Example: With €100 000 of gross revenue, the tax authority assumes €65 000 of expenses, leaving €35 000 taxable.
Tax rates by year
| Year of residency | Discount on the standard rate | Effective tax rate on taxable income |
|---|---|---|
| 1st year | 50 % | 17.5 % |
| 2nd year | 25 % | 25 % (approximately) |
| 3rd year onward | 0 % (standard rate applies) | 35 % (the base rate for the regime) |
These rates apply only to the 35 % taxable portion, so the overall effective tax on total revenue is considerably lower than the 48 % top bracket.
Social‑security contributions under the regime
- Social security is calculated on the taxable income (the 35 % portion).
- The normal contribution rate of 30–35 % therefore translates to roughly 12 % of total revenue.
- In the first year, contributions are deferred; no social‑security is payable on the initial year’s earnings.
Comparison with the NHR regime
| Aspect | NHR (20 % rate) | Simplified sole‑trader regime |
|---|---|---|
| Base income tax rate | 20 % (plus socials) | 35 % on 35 % of income |
| Social‑security rate | ≈ 34 % on full income | ≈ 12 % on taxable portion (first year 0 %) |
| Effective tax on €100 k | ≈ 54 % (20 % + 34 %) | ≈ 17.5 % (first year) to ≈ 25 % (second year) |
| Income ceiling | No specific ceiling, but high rates apply above €80 k | €200 k ceiling for eligibility |
For freelancers earning under €200 k, the simplified regime typically yields a lower overall tax burden than the NHR option, especially in the first two years of residency.
Practical considerations
- Eligibility verification: Confirm that your activity qualifies as a sole‑trader with limited expenses.
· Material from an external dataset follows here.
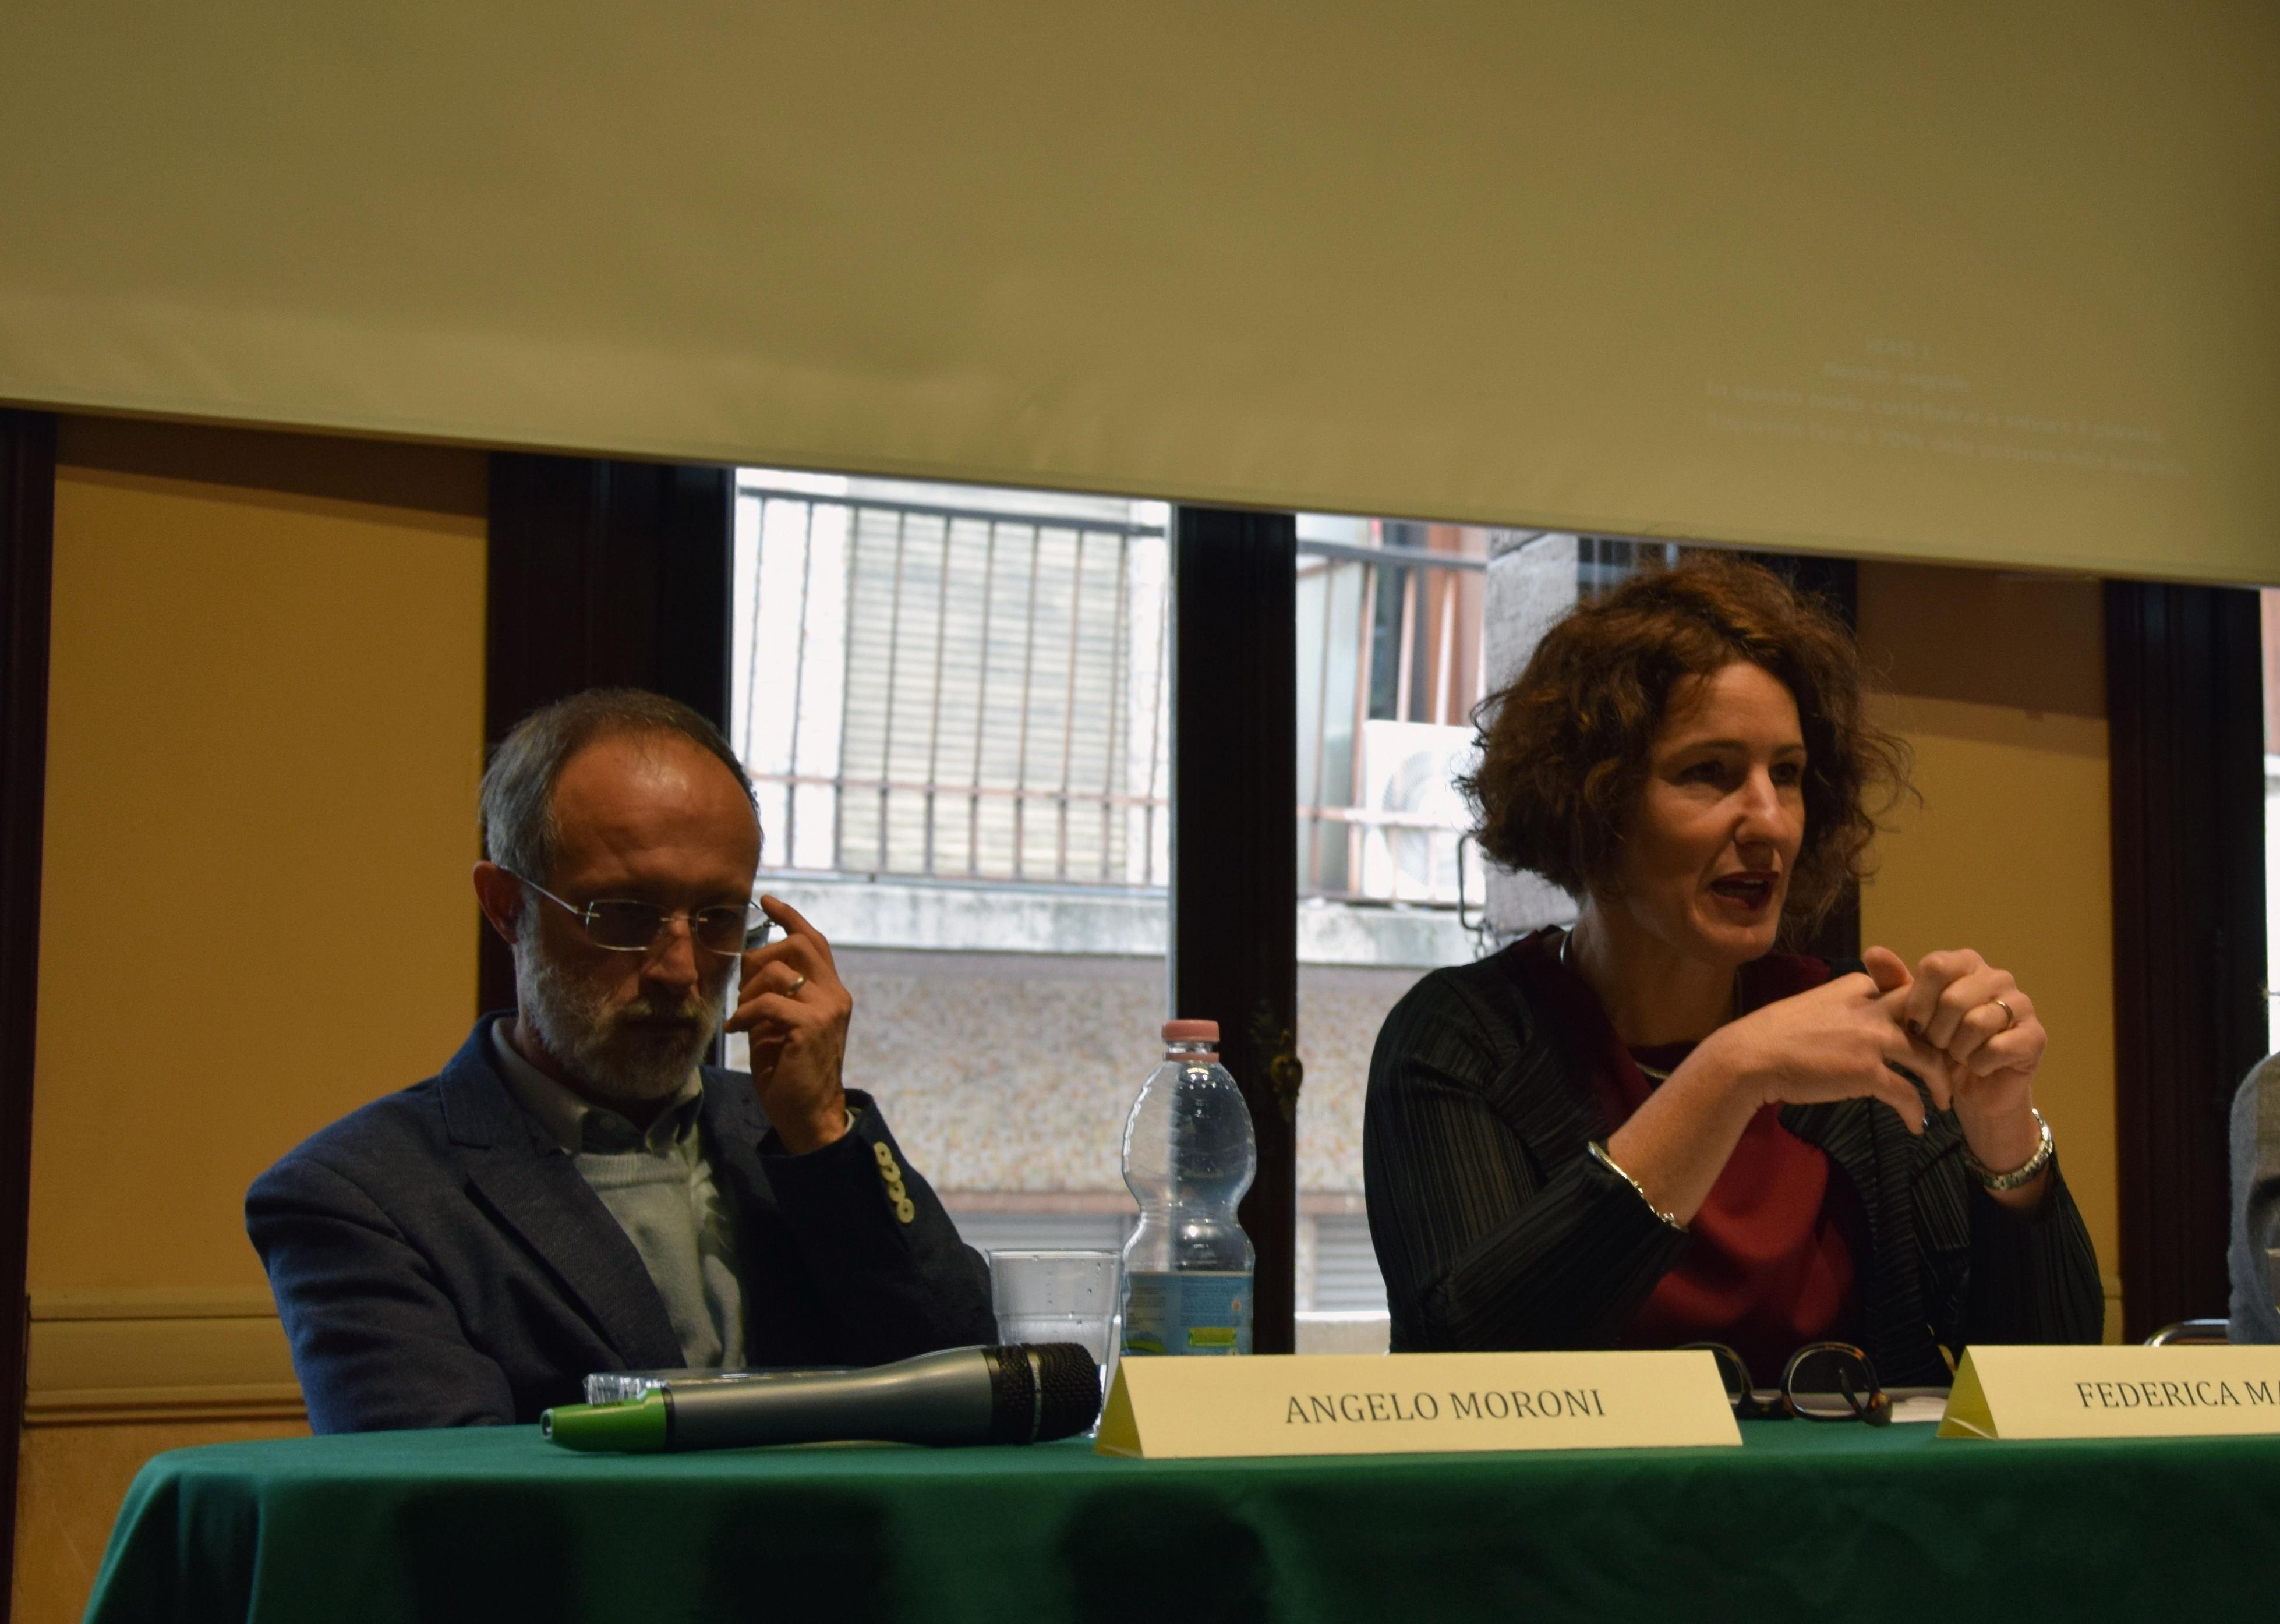 Angelo Moroni e Federica Marabini

Businesses with significant inventory, shipping, or affiliate‑marketing structures may not fit.
- Record‑keeping: Although expenses are deemed, maintaining accurate books is advisable in case of audits or if you later transition to a different tax regime.
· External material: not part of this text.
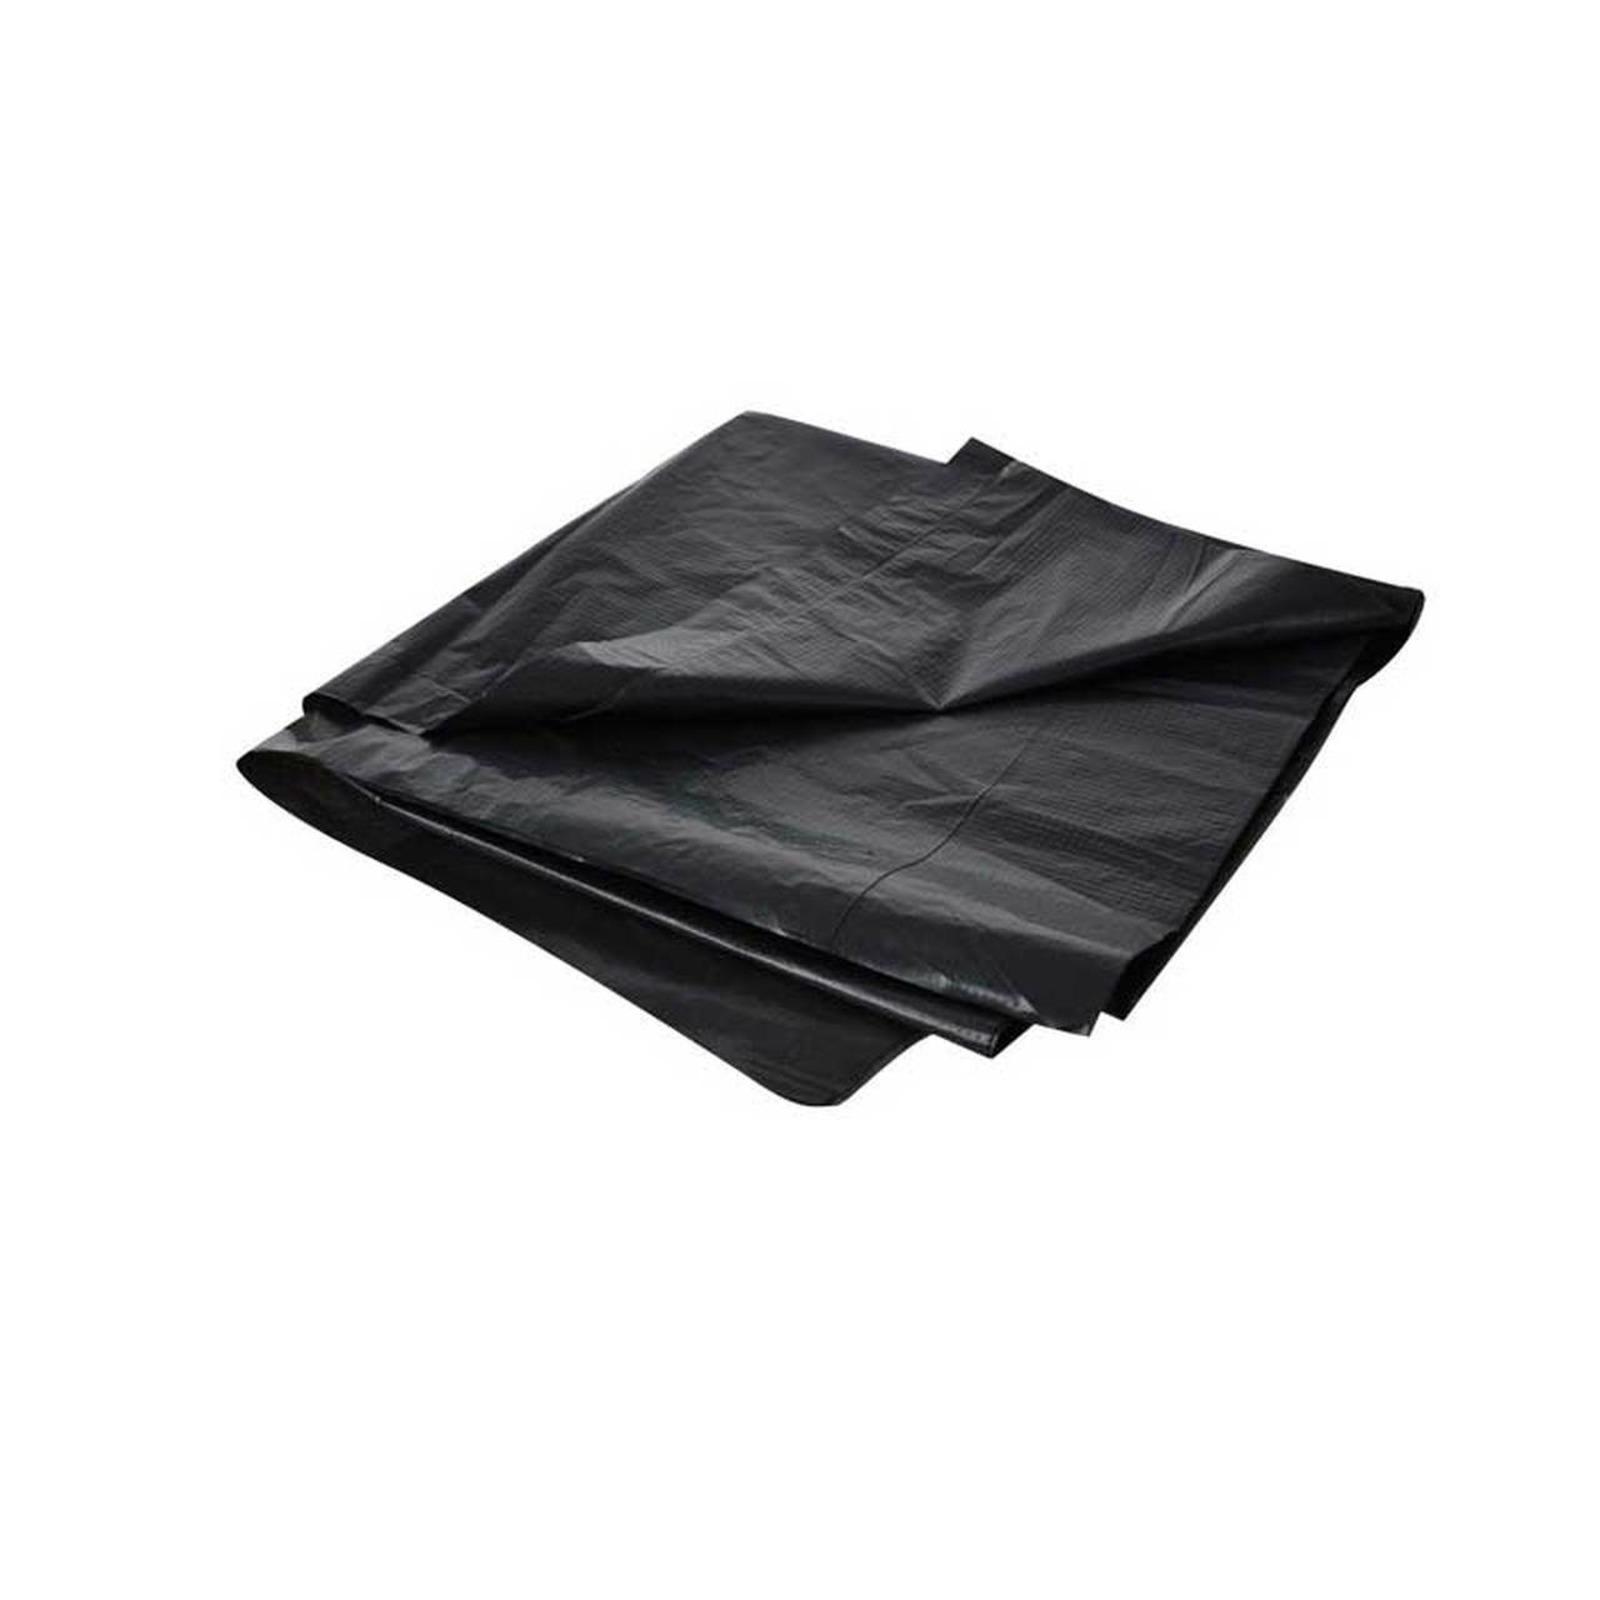 MTRADE Black Plastic Trash Bags (30 Inch x 34 Inch)

- Future scaling: If earnings are projected to exceed €200 k, the regime no longer applies; you would revert to the standard personal tax brackets.
- Social‑security timing: Because contributions are based on the previous year’s earnings, the first‑year deferral can improve cash flow, but you must plan for the subsequent year’s obligations.
- Residency path: The regime can be combined with Portugal’s residency and citizenship pathways, offering a relatively quick route to long‑term settlement for qualifying individuals.
Decision checklist
- [ ] Is your annual gross revenue ≤ €200 k?
- [ ] Do you operate as a sole trader with minimal expenses?
- [ ] Are you comfortable with the assumed expense methodology (65 % of revenue)?
- [ ] Do you plan to stay in Portugal for at least three years to benefit from the graduated discounts?
If the answers are affirmative, the simplified sole‑trader regime is likely the most tax‑efficient option for freelancers and digital nomads relocating to Portugal.